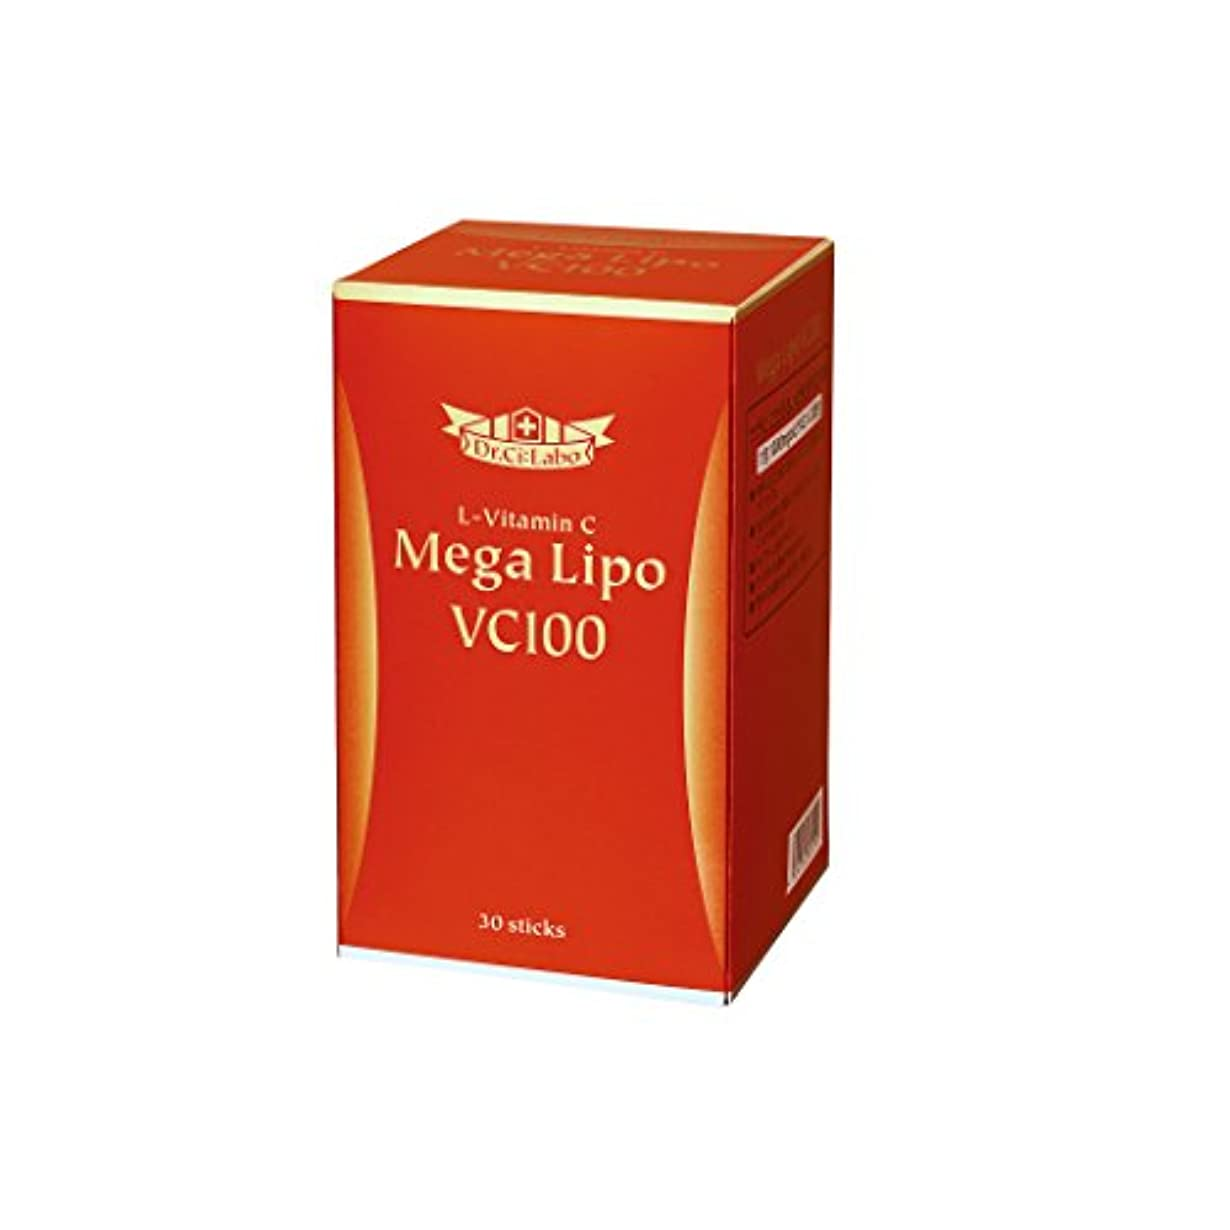 副詞谷うめき声ドクターシーラボ メガリポVC100 2.8g×30包 美容サプリメント
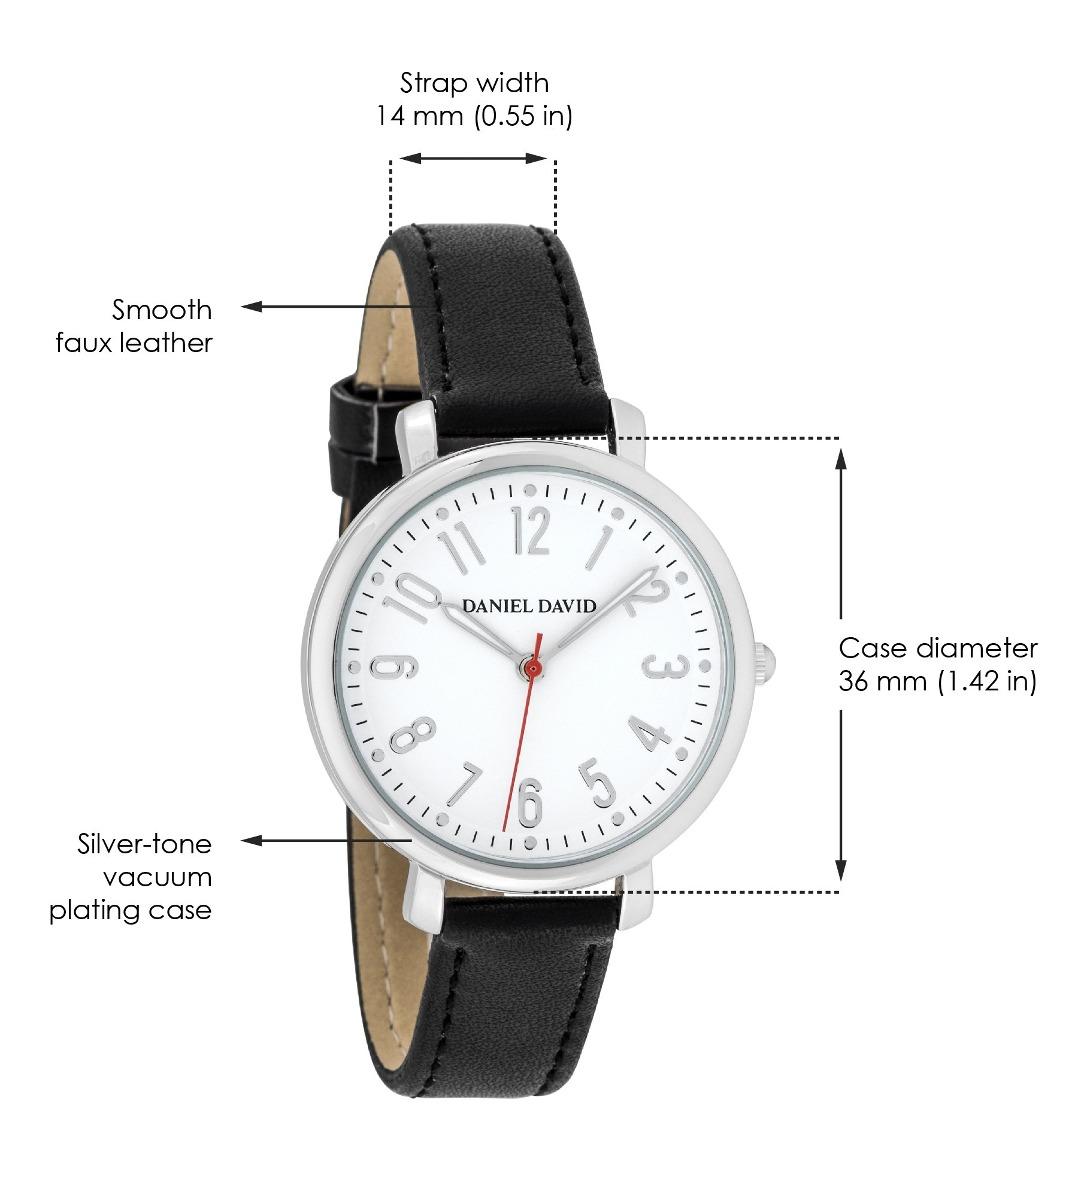 17506829098d relojes para mujer de daniel david - elegante reloj de cuero. 6 Fotos
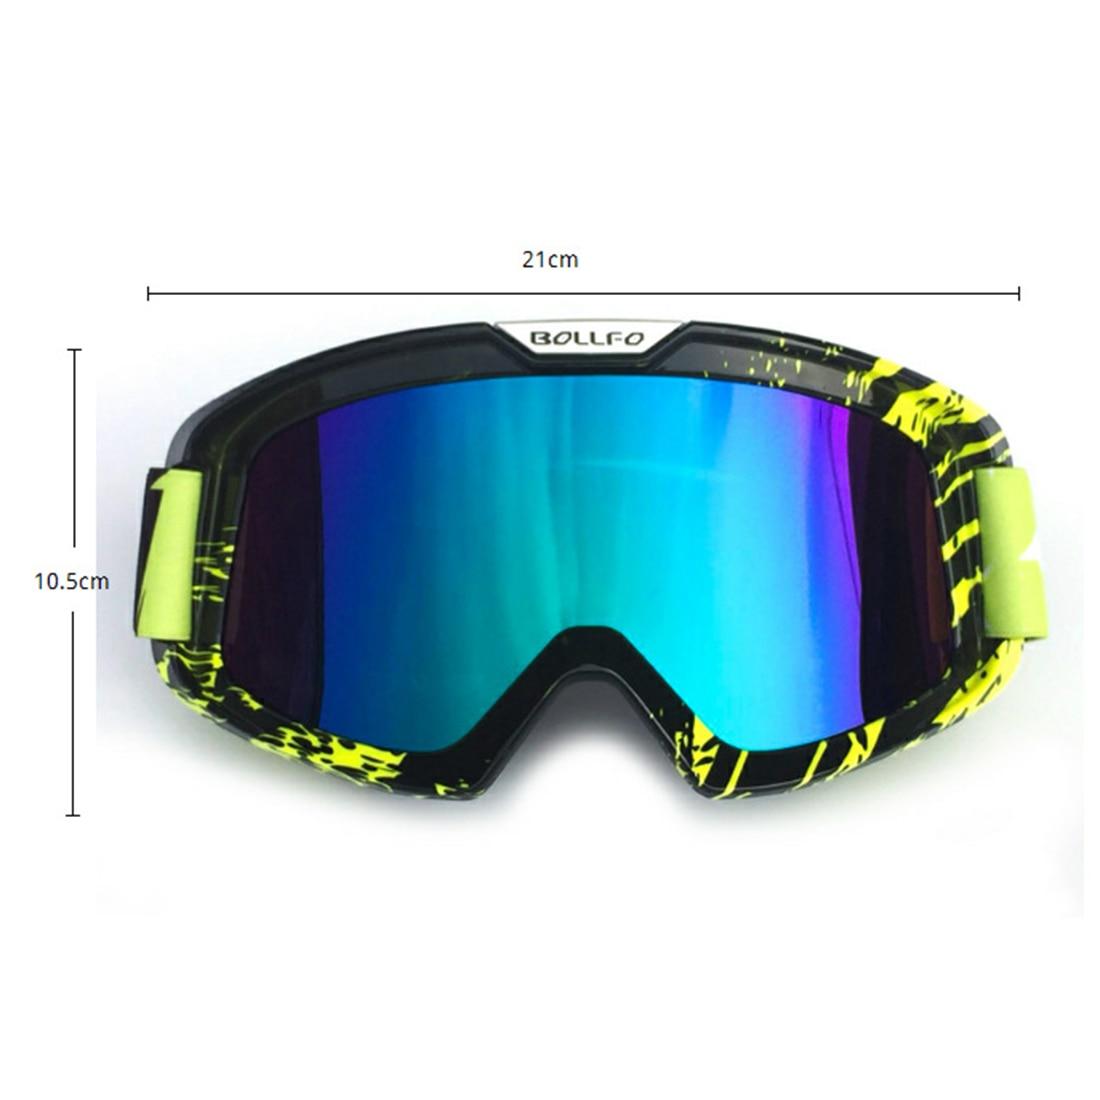 Iguardor UV400 открытый велосипедные очки ветрозащитный Глаза протектор Лыжный Спорт солнцезащитные очки-черный и зеленый + цветные линзы
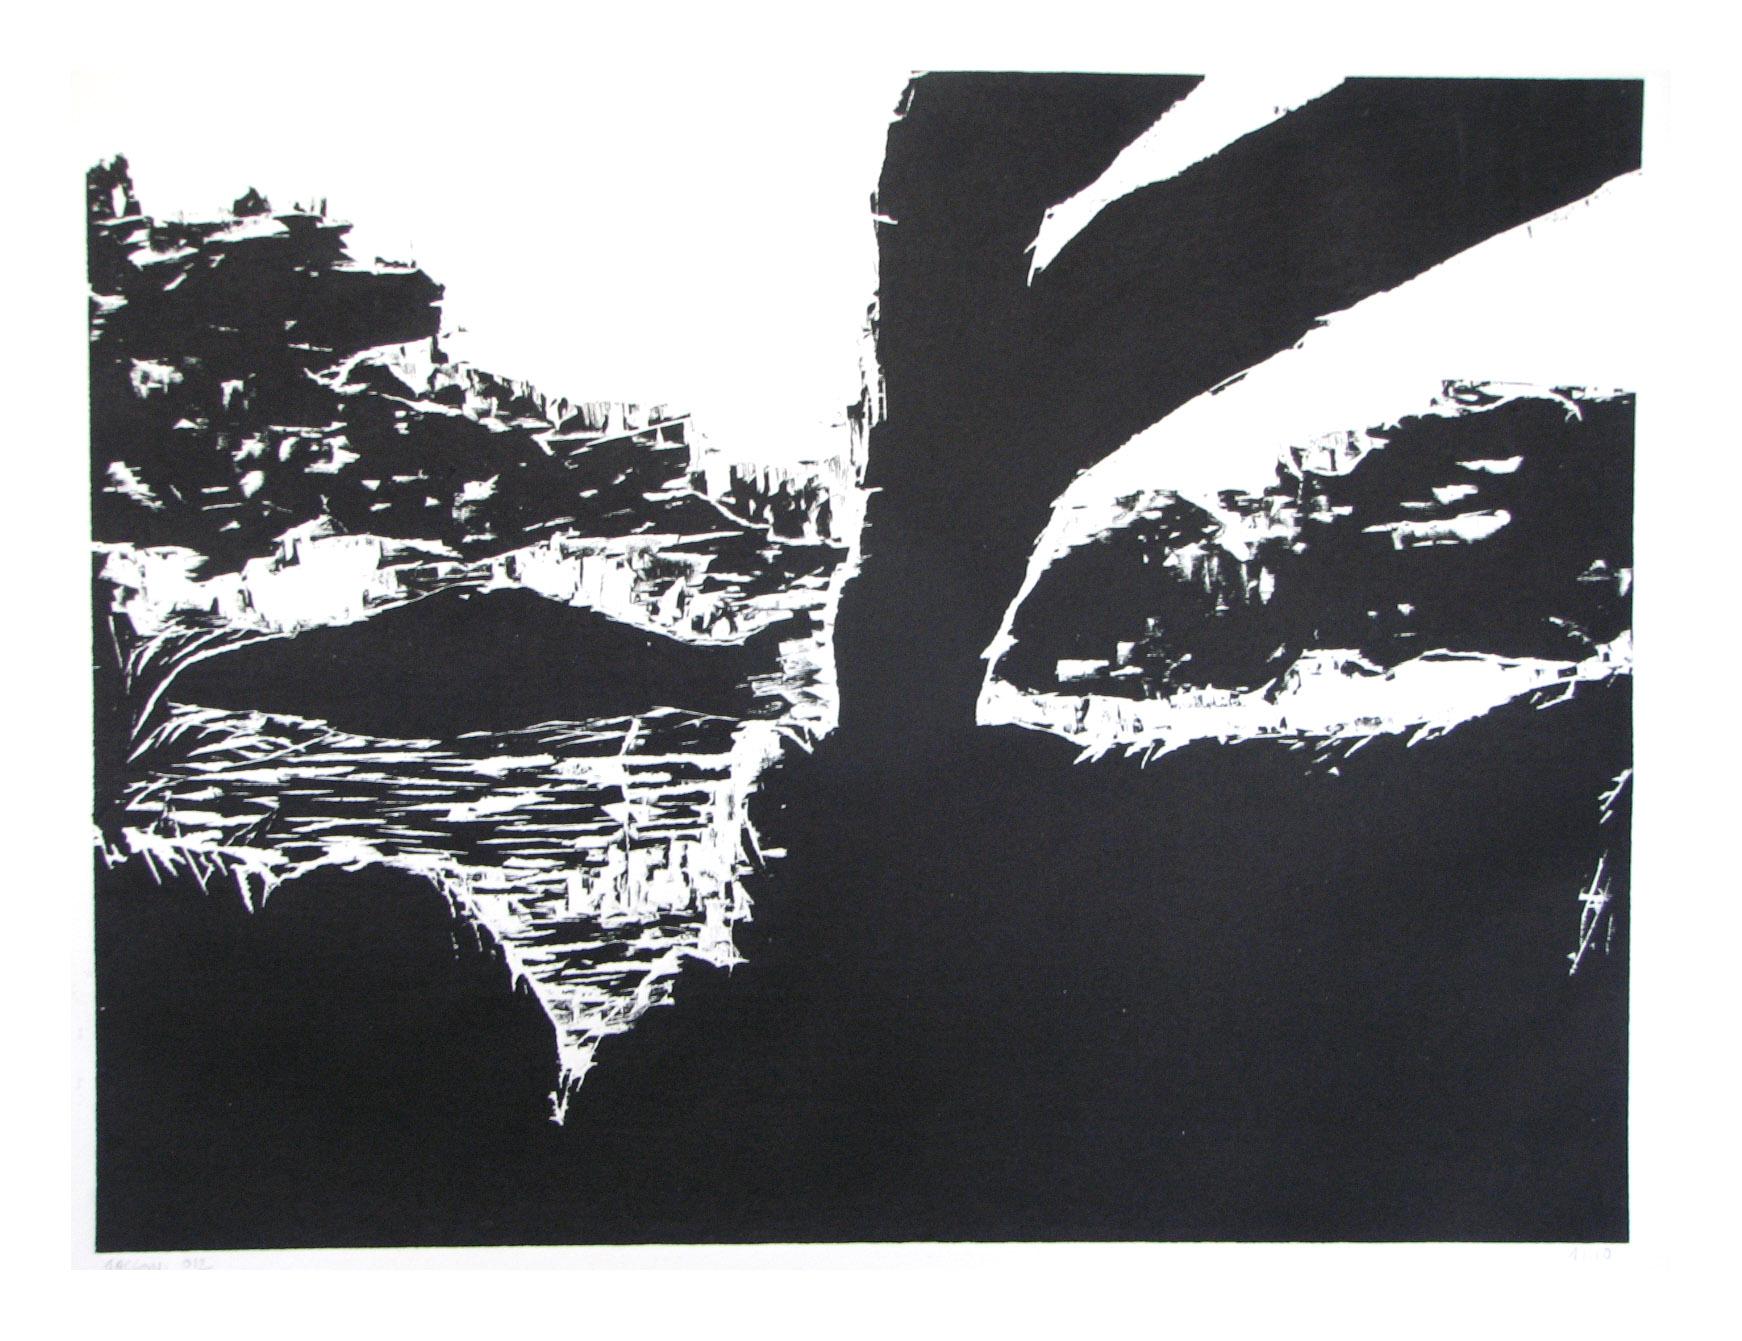 gravure sur bois Cécile Orsoni Kiki Dimoula Athènes
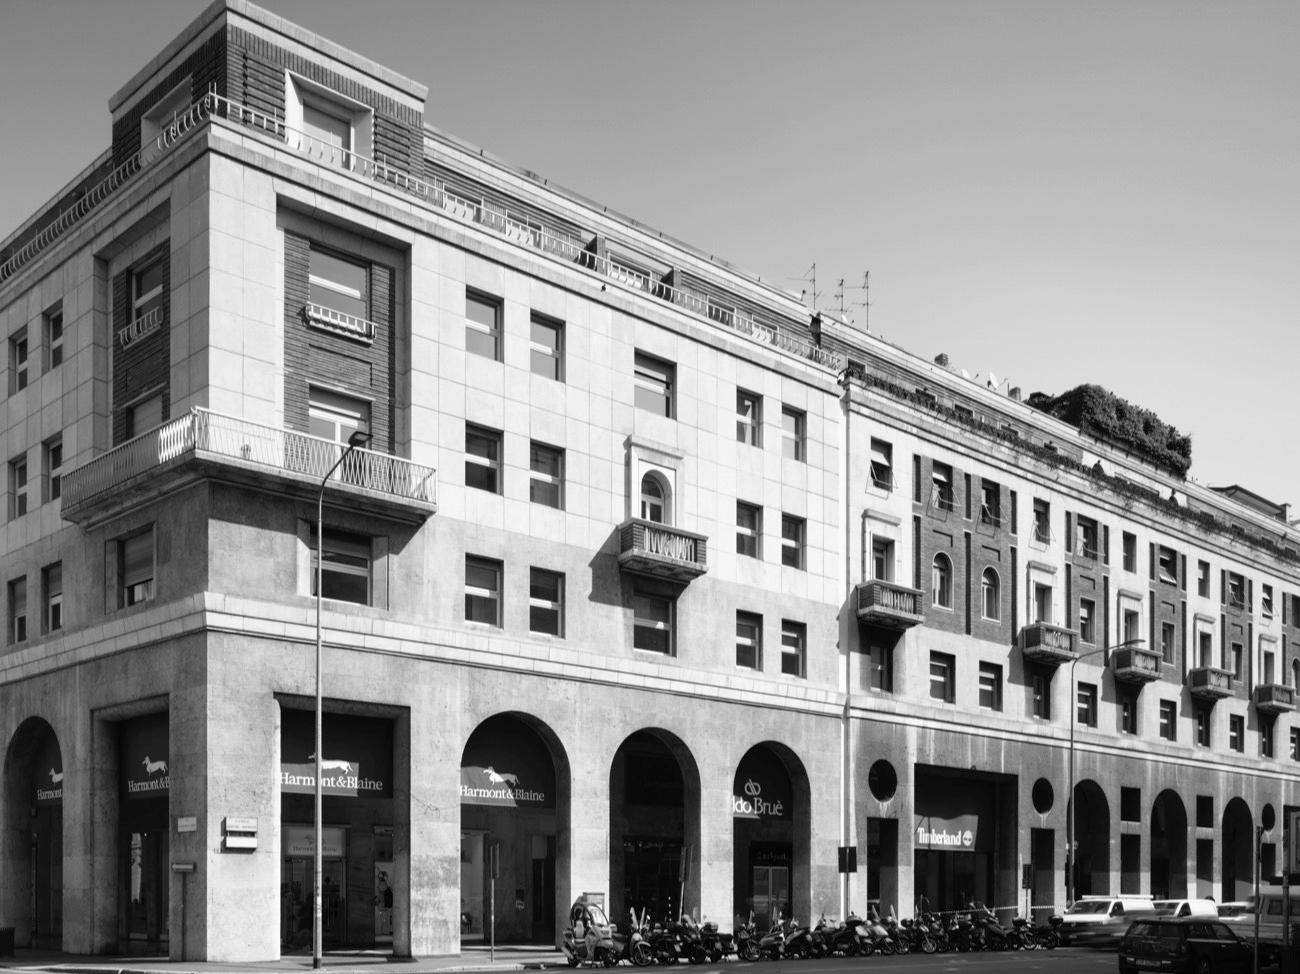 Negozi Per La Casa Milano 1933-1936) casa per abitazioni, uffici e negozi a milano

☆ ☆ ☆ ☆

Exercise objective: The finished answer is an exact repetition of the listing, with every picture removed.

Your solution:
 副詞谷うめき声ドクターシーラボ メガリポVC100 2.8g×30包 美容サプリメント
 17506829098d relojes para mujer de daniel david - elegante reloj de cuero. 6 Fotos
 Iguardor UV400 открытый велосипедные очки ветрозащитный Глаза протектор Лыжный Спорт солнцезащитные очки-черный и зеленый + цветные линзы
 gravure sur bois Cécile Orsoni Kiki Dimoula Athènes
 Negozi Per La Casa Milano 1933-1936) casa per abitazioni, uffici e negozi a milano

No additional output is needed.